May 31st, 2011
07:33 AM ET
E-cards are last-minute lifesavers when you’ve forgotten to send a happy birthday card. But they’re not the first thing you think of when you learn you have a sexually transmitted disease.
But since 2004, a free Web site, inSpot.org has allowed users to anonymously notify their partners to get tested for STDs such as HIV, gonorrhea, chlamydia and syphilis. The online program allows users to send an e-card anonymously, specifying the STD.
The tool exists, but do people use the STD e-cards?
Well, that depends.
“It appears to be that 90% of people said we’d really rather tell people in person,” said Mary McFarlane, one of the authors of the study. “It’s not very appropriate - They felt it was taking themselves too far out of the equation, taking that personal contact too far out of it in these cases. Most people were not convinced to use electronic communication of any kind.”
The e-cards from inSPOT.org deliver the news about possible sexual infection in many tones. Some are flippant: "You're too hot to be out of action. I got diagnosed with an STD since we played. You might want to get checked too." Others are much more serious.
The study took place at the Denver Metro Health Clinic, the largest clinic for STIs in the Rocky Mountain region. Patients who were diagnosed received contact cards to encourage their sexual partners to come to the clinic for evaluation and were also given a card about inSPOT.org that explained how to use the website.
Partner notification is crucial to stop the spread of infection to various sexual partners. That process has traditionally been handled by the health department, but their ability to do so has been waning with reduced funding.
Between August and November 2008, more than 500 cards about inSPOT were distributed to almost all of the gonorrhea, chlamydia, syphilis, and HIV diagnoses at the Denver clinic. They also advertised the e-card website on posters, flyers and the Denver clinic’s website. They also ran ads on a gay dating site called ManHunt, a local Denver newspaper and a radio public service announcement.
Their findings: The use of the e-cards was low. In surveys, recognition of inSPOT was low (6%).
Also, their survey showed that 89% preferred to inform their partners in person – and only 4.8% said they would use e-mail.
Study authors concluded that the program “did not yield evidence for its effectiveness.”

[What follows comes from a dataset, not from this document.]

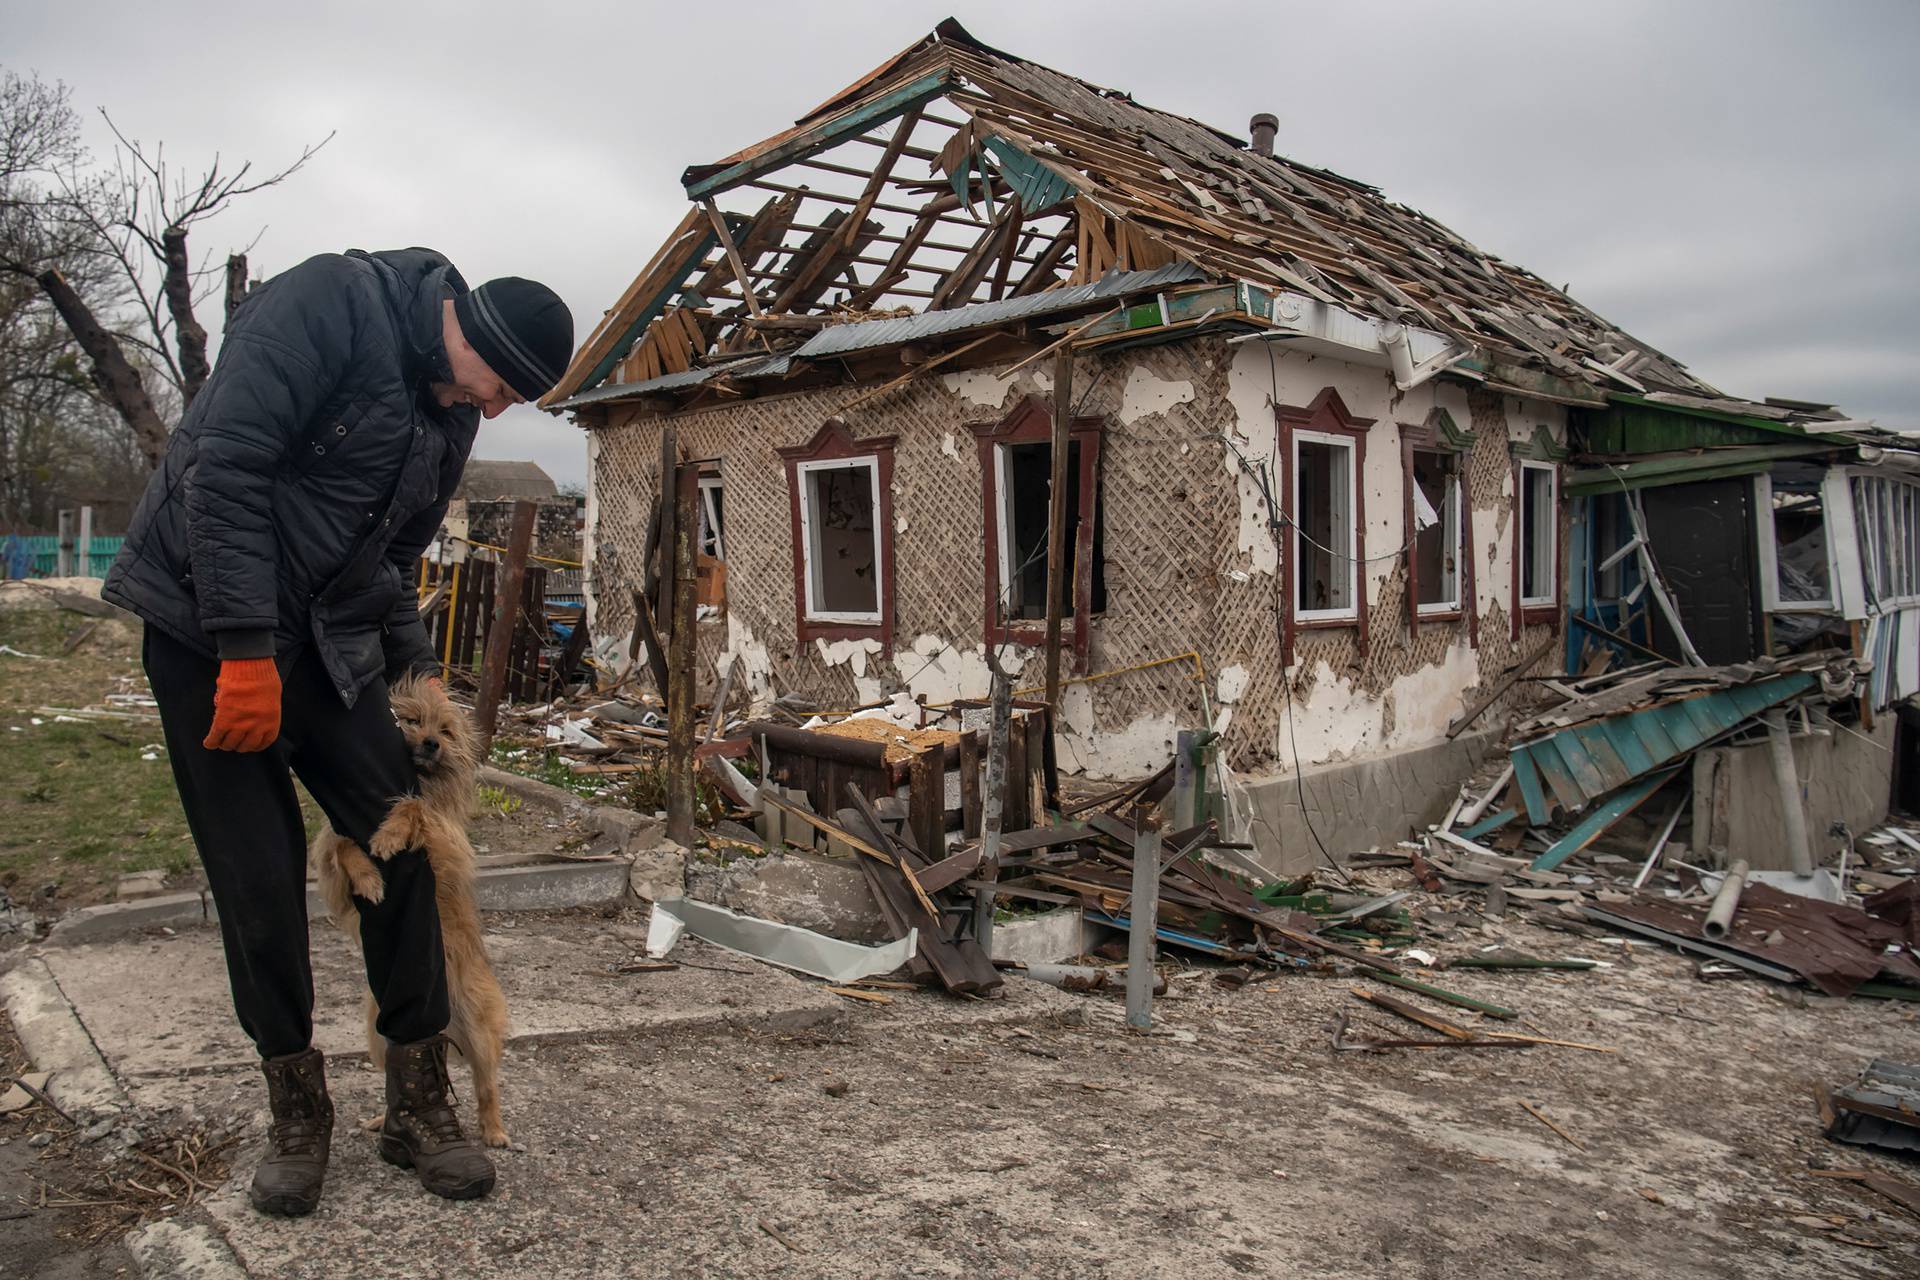 Russia's invasion of Ukraine continues, in Kukhari
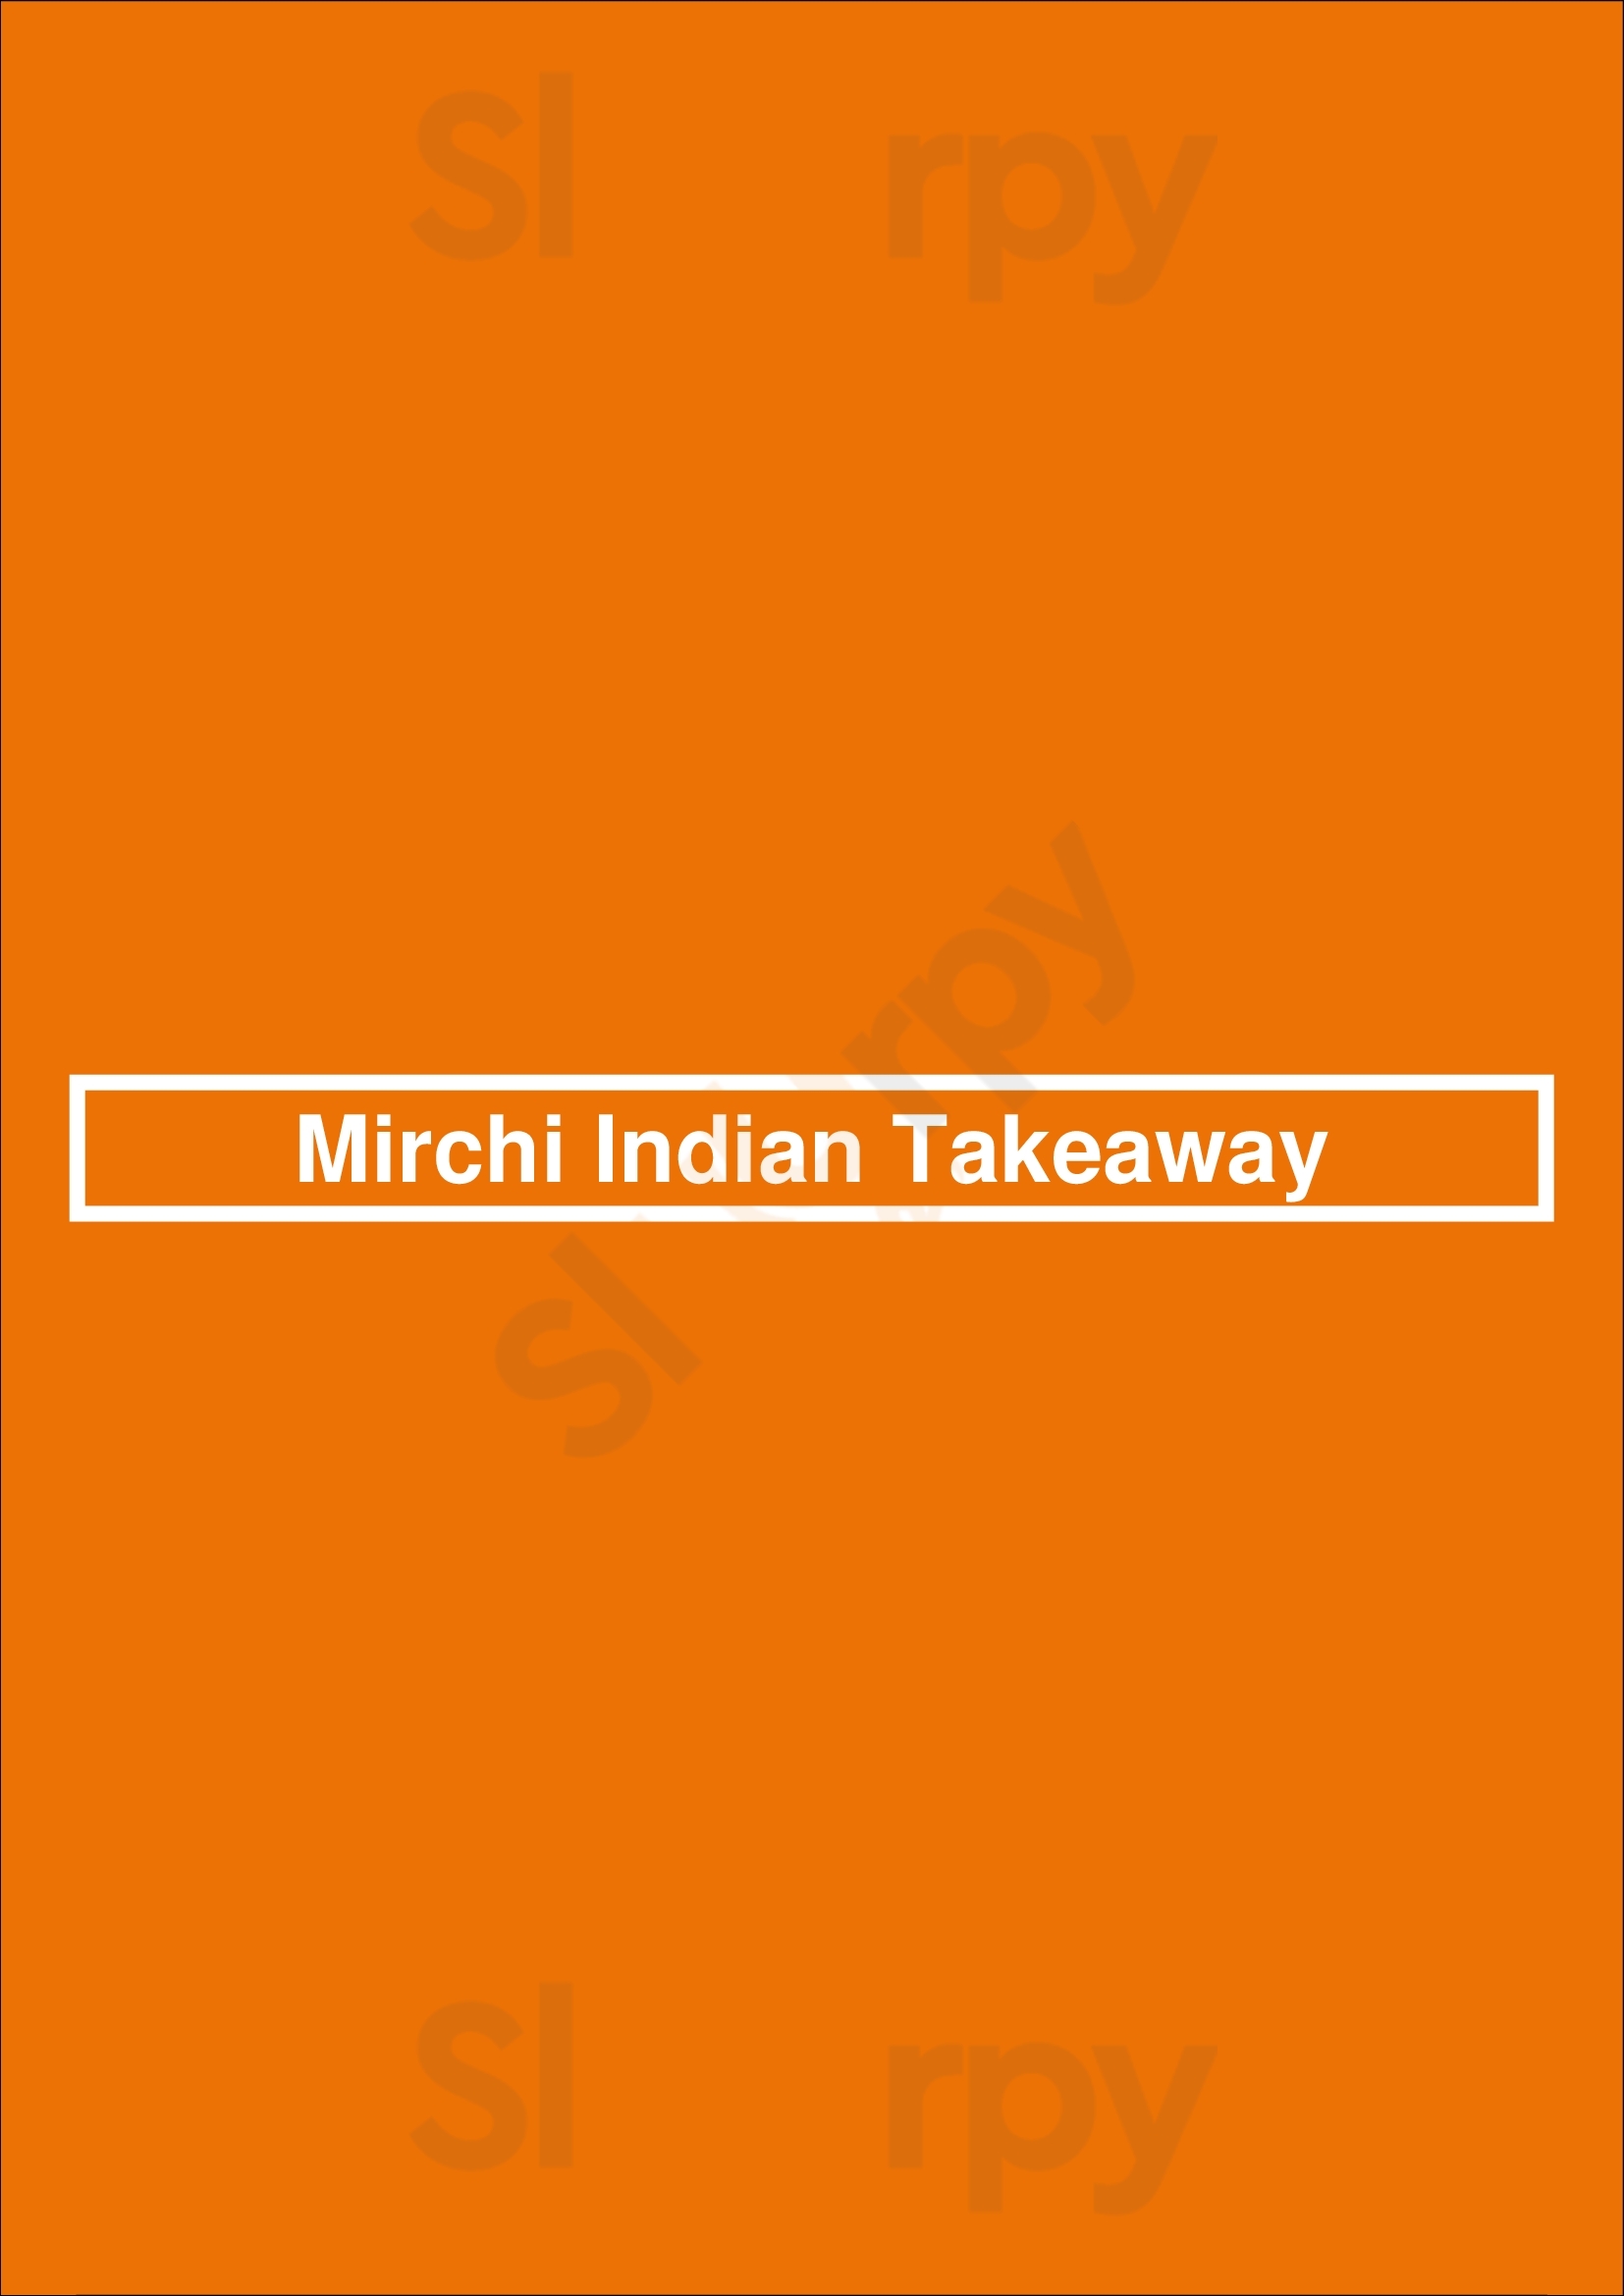 Mirchi Indian Takeaway Newport Menu - 1

“I don’t think it has proven to be scaled up to other areas as easily as we might think,” said McFarlane, prevention partnerships coordinator for the Centers for Disease Control’s Division of STD Prevention.
Innovation and new technology is important in this field, she said.
“It is important when you find these new technologies, before huge amount of public health dollars are spent, you need to make sure it scales across different populations. This particular one didn’t scale across the population. It’s important to know why not, so we can do better on the next innovation."
Deb Levine, executive director of ISIS Inc. which created inSPOT, said the Colorado study is flawed.
The e-cards were meant to be peer-to-peer tool rather than a health department tool. Plus, the social marketing of the cards were aimed to the gay community. When that marketing was given to regular attendees of the Denver clinic, who were vastly heterosexual, the marketing failed to reach the targeted community, Levine said.
The e-cards were created in the Bay Area, in response to a rise of syphilis in the gay community. Most of their users were gay men. They found that far more e-cards were sent for syphilis, than chlamydia. And syphilis affects more gay men and chlamydia affects more African American women.
“We think the study was flawed,” said Levine. “We still feel the e-cards have not been evaluated properly.”